For a full pipeline on this project’s layout—preprocess, split playlists 1A / 1B, and extract baselines—edit paths in the script if needed, then run:

bash src/scripts/preprocess.sh

src/scripts/preprocess.sh sets DATA_DIR, runs preprocess_dataset with blob/prong limits and playlist selection, runs split_dataset per playlist (with different val/test ratios for 1B vs 1A), and runs extract_baselines against the raw playlist directories under scratch.

3) Split into train / val / test

python -m src.scripts.split_dataset \
  --input-dir <PREPROCESSED_DIR> \
  --output-dir <SPLIT_OUTPUT_DIR>

To inspect created features quickly, see notebooks/stats.ipynb.

4) Train models

Direct training command

Use src/scripts/train.py for both regression and classification.

python -m src.scripts.train \
  -bs 2048 \
  --mode regression \
  -E-available-no-muon \
  -name Run_debug \
  --d_model 128 --depth 4 --n_heads 8 \
  --max_steps 500000 \
  --data_path <SPLIT_OUTPUT_DIR>

SLURM submission (src/jobs/submit_train_jobs.py)

src/jobs/submit_train_jobs.py builds training commands, writes SLURM scripts, and submits them with sbatch.

Current defaults in that script:

  • loops over seed, data_cap, task, and model
  • uses task in {regression, classifier} (these map directly to --mode values)
  • supports model in {Transformer1, OLS, OLS_RW, OLM}
  • maps each (data_cap, model) to a SLURM walltime
  • writes .slurm, .log, and .error.log files under fixed NERSC paths

Before running submission:

  1. Create a .env file in repo root with environment variables needed in your cluster job.
  2. Update hardcoded paths in submit_train_jobs.py if you are not using the default NERSC layout (for example --data_path in generate_cmd, CKPT_DIR in resume mode, and the log_dir / error_dir / slurm_file paths in __main__).
  3. Optionally edit get_cmds_and_slurm_times() to choose your model/task/data-cap sweep.

Then submit:

python src/jobs/submit_train_jobs.py

The script also includes get_cmds_and_slurm_times_continue() for checkpoint resume runs.

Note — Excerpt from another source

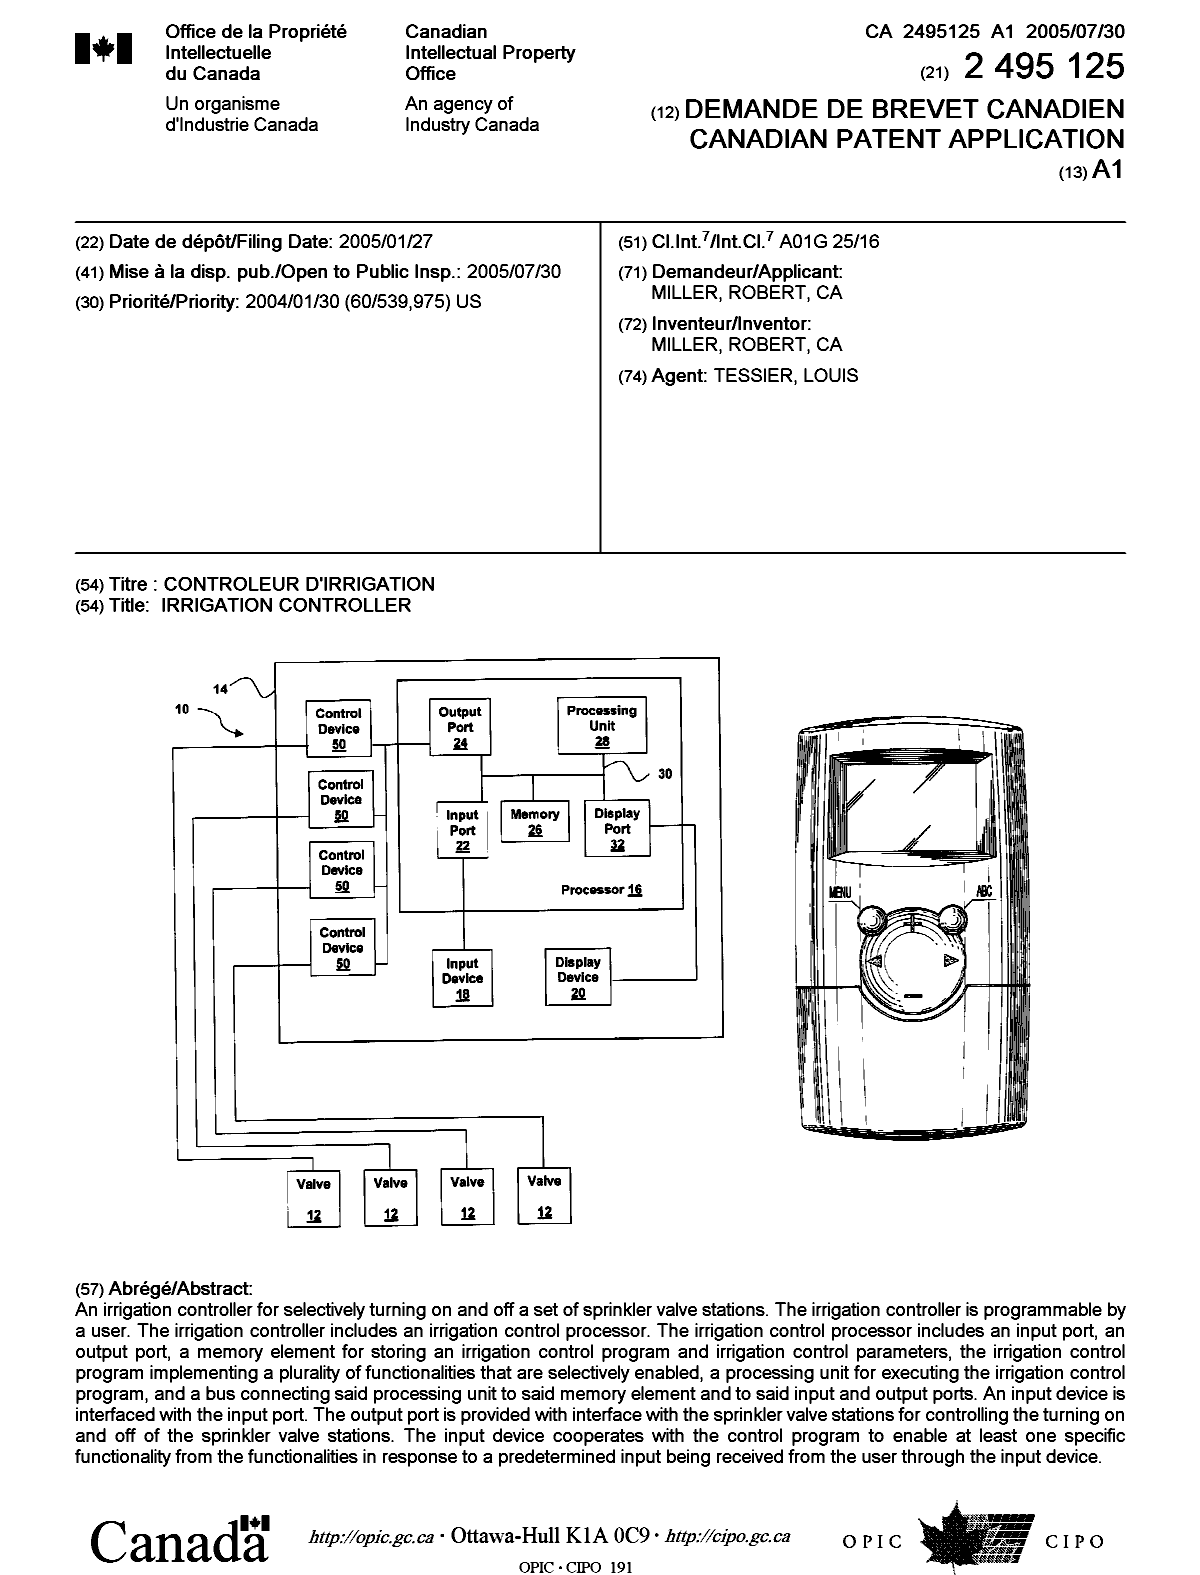 Document de brevet canadien 2495125. Page couverture 20050721. Image 1 de 1

5) Analysis (test eval + notebooks)

After training, group the runs you want to compare in Weights & Biases by assigning the same tag to each run (in the run’s overview or via the API). The tools below use that tag against the minerva-models project under your W&B entity (set WANDB_ENTITY and use wandb login as needed).

Test evaluation (eval)

Generate the python -m src.scripts.eval ... commands for checkpoints that still need test_results (skipped if an .npz for that dataset already exists):

python -m src.scripts.print_eval_commands --wandb-flag <TAG>

--wandb-flag only lists runs whose checkpoint folder name matches a wandb run name with that tag; omit it to consider every run under --ckpt-dir (default: see --help). Run each printed line locally. Evaluation is very small and fast—it is fine to run on login nodes without a GPU job.

Notebooks

  1. Open notebooks/Eval_Classification.ipynb or notebooks/Eval_Regression.ipynb.
  2. Set the WANDB_TAG variable at the top to match your tag (both notebooks use this to query runs).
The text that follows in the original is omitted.